Business subject but no business key

Hello everyone,

I’m seeking advice on modeling my DV.

Our team focuses on fraud and corporate solvency risks. We’ve collaborated with the business team to identify key business objects : company, contract, financial statement…
For these, we’ve successfully established Business Keys.

However, we’re encountering difficulties with the “human” aspect of our data. Specifically, we lack (and likely will continue to lack) definitive BKs for entities such as shareholder, CEO, local elected representative …

We have no control on the multiple data sources, but we possess business logic that allows us to attempt deduplication based on names and other available information

I’m unsure how to integrate this data into the Raw Vault. The examples I found online (using “weak” hub with firstname + lastname + date of birth) seem not right.

Many thanks for any advice!

Hello… is financial statement a business object?

The mastering of business objects you described seems like a task for MDM, somewhere you must create a business key.

Maybe you might draw inspiration from this short story:

  • We were at a customer who managed debt collection from various clients. For example Walmart, or any retail / commercial entity fails to collect payments for the debt that is owed to them (credit card debt etc).
  • All these clients manage their business objects with either account numbers, customer numbers or contract id… now when importing that data into the debt collector’s systems we knew that whatever the client used as a business key is not guaranteed to be unique across clients we manage.
  • So, we developed a debt-collection system that whatever debt that was handed over to us is given our own business key in our debt collection system, that business key is what we loaded into hub_debtor and the key we loaded there is the reliable, unique, strong business key our source system manages and the support and business staff within the debt collector’s business can relate to.
  • The account number / customer id / contract id our clients used was merely loaded to a “external_id” attribute in a satellite table.
  • Internally we refer to our debtor_id, but with our client we always discuss the debt using the external_id

You’re right, “weak” hubs are an anti-pattern.

Hope that helps,

Financial statement may be a description in satellite of a company, you are right.

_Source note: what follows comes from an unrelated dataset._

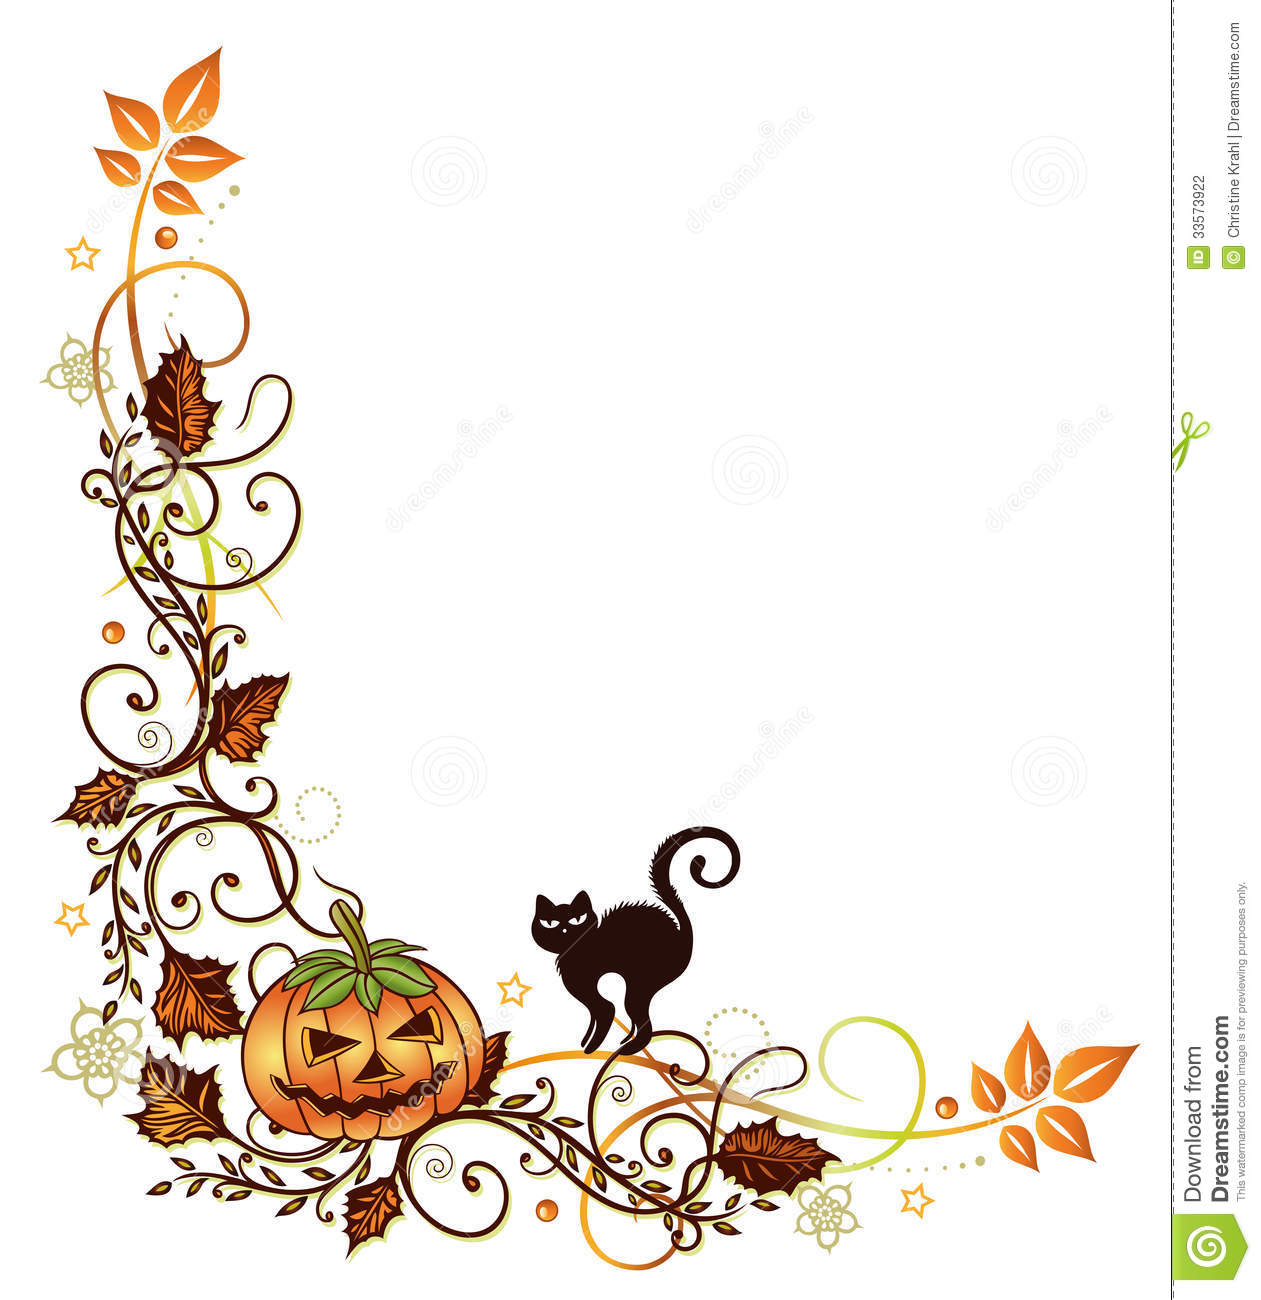 halloween border clipart - Halloween Border Clip Art

I am not sure to understand how to apply your example. Our source can have really poor data quality, and (more often than not) we can’t create a BK.

Our data looks like :
firstName + lastName + Date of Birth + workplace,
firstName + lastName + “own %” + companyName,
firstName + lastName + Date of Birth + “deputy mayor” + city

Even if it’s relly unlikely, none of the lines are truly unique. We use this data to identify records that likely represent the same person, and we assign a trust score to each match.

Even with MDM, I don’t see how to store this data in a HUB in the raw vault.

Thanks for your answer, I have to learn more about MDM!!

the point of my story is… your architecture should include an application to create and govern a business key that is recognized by the business. Much wider effort than just data modelling.

MDM is used a data source for DV, match-merging and folding records into a golden record based on business rules, similar to what you described. There are four kinds of MDM, from ludicrously expensive live intrusion into source systems pushing in MDM ids to less expensive ones that passively find matched between record. MDM id can be used as a key to integration your data across source systems.

Oh ok I think I understand! Thanks for your time and your answers!